Bir parantez"açayım ;
"Evet arkadaşlar, ben, büyük bir cesaretle şu meşhur Enflasyon düzeltmesi döneminde S.Kıymetlerde yer alıp ta amortisman yoluyla sıfırlanmış bu kabil '' GİDER '' lerimi tamamen ortadan kaldırdım.... Şimdi listemde yok... Bilançomda da yok ...... (( tescile tabiler değil tabiki....)) "

Kanun koyuca bana ihtiyarilik hakkı vermiş... " İster gider yazarak yoket..... ister etme.... Eğer hiç giderleştirmiyorsan, canıma minnet . Bana daha fazla vergi ödemiş olursun. Bunun için sana minnettarım. O zaman o harcama bedeli senin için maliyet bedelidir. (Aksi iddianın umarım kanıtı olur) Eğer sen bu Sabit Kıymet niteliğindeki GİDER ini elden çıkarmak, satmak istiyorsan- eğer varsa- Maliyet bedeli ile Satış bedeli arasındaki müsbet farkın vergisini alırım haa....."
Biraz sayın karakoçun isteğini de göz önüne alarak 6 yaşındaki cocuğun anlayacağı şekilde, bazen kanun koyucunun dili, bazende kendi dilimle yazmaya çalıştım.. Bunun için üstadlarımdan özür dilerim...
Muhabbetlerimle......
A Cihat Oğuzoğlu
SMMM
 
Sayın ACİHAT şöyle demiş :Kanun koyuca bana ihtiyarilik hakkı vermiş... " İster gider yazarak yoket..... ister etme.... Eğer hiç giderleştirmiyorsan, canıma minnet . Bana daha fazla vergi ödemiş olursun. Bunun için sana minnettarım

Sayın ACİHAT....Meseleyi 6 yaşındaki bir çocuğa anlatır gibi anlatmaya çalışmışsınız ama başaramamışsınız.Yetersiz kalmış...6 yaşındaki çocuk esprisini de anlamamışsınız, neyse....Ben kanun koyucunun ağzından konuşmaya devamediyorum....Yukarıda kanun koyucunun ne dediğini yazmışsınız....O kanun koyucu konuyu orada kapamıyo işte....Devam ediyo konuşmaya....
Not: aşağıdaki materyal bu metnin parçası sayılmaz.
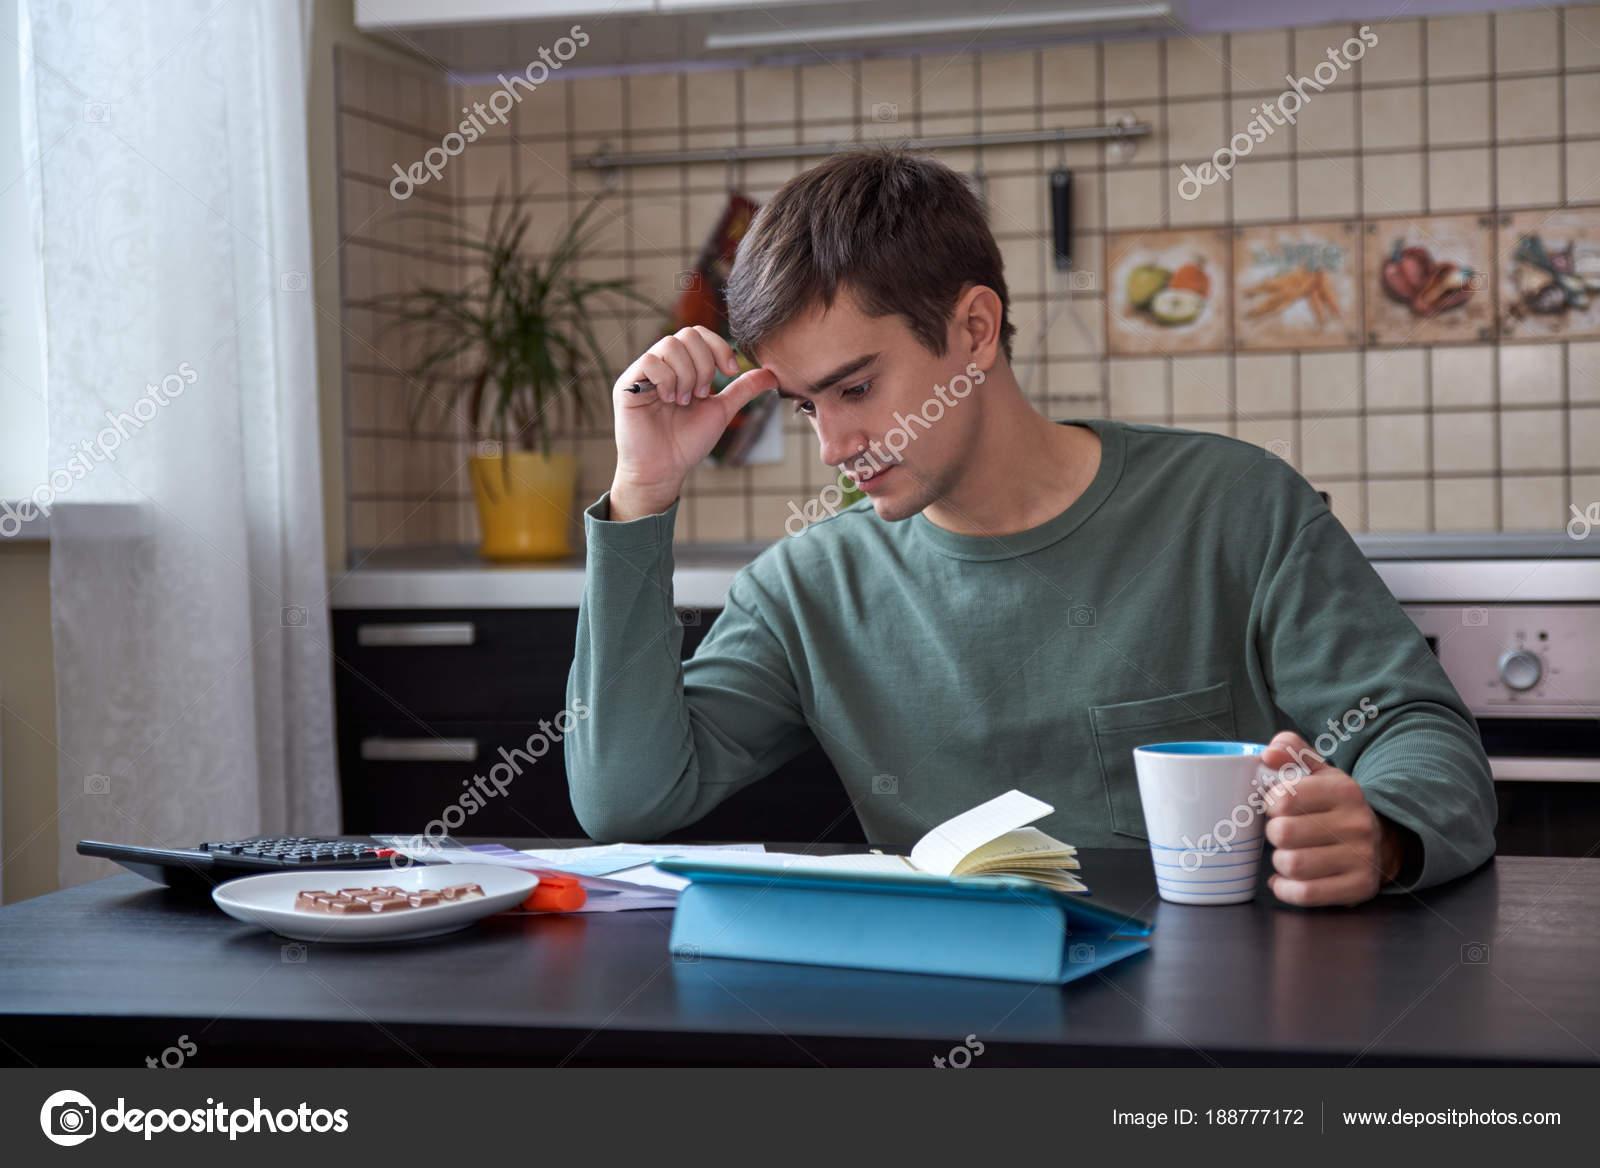 kitchen calculator cabinet on wheels 一个有深思熟虑的焦虑表情的年轻人坐在厨房的桌子上 用计算器和笔记本 用计算器和笔记本来计算家庭预算和当前支出 照片作者sky dog

İster gider yazarak yoket..... ister etme.... Eğer hiç giderleştirmiyorsan, canıma minnet . Bana daha fazla vergi ödemiş olursun. Bunun için sana minnettarım.....FAKAT....Bunu giderleştirmemen demek, ilgili dönemde bana daha fazla vergi ödemen demek evet....Bu benim avantajıma....Yalnız sonraki dönemlerde bu varlığı satmaya kalkarsan, o varlık için ayırmadığın amortismanı (geçmiş dönemde) bu dönemde ayırmalısın...Çünkü bunu yapmadığın zaman varlığın maliyetini olması gerekenden daha fazla göstermiş olursun....Amortisman ayırmak senin hakkındı ama ayırmadın....Şimdi bunu yapmadın diye, bana daha fazla vergi ödedin diye, ben ayırmadığın amortismandan satış anında istifade etmene izin vermem....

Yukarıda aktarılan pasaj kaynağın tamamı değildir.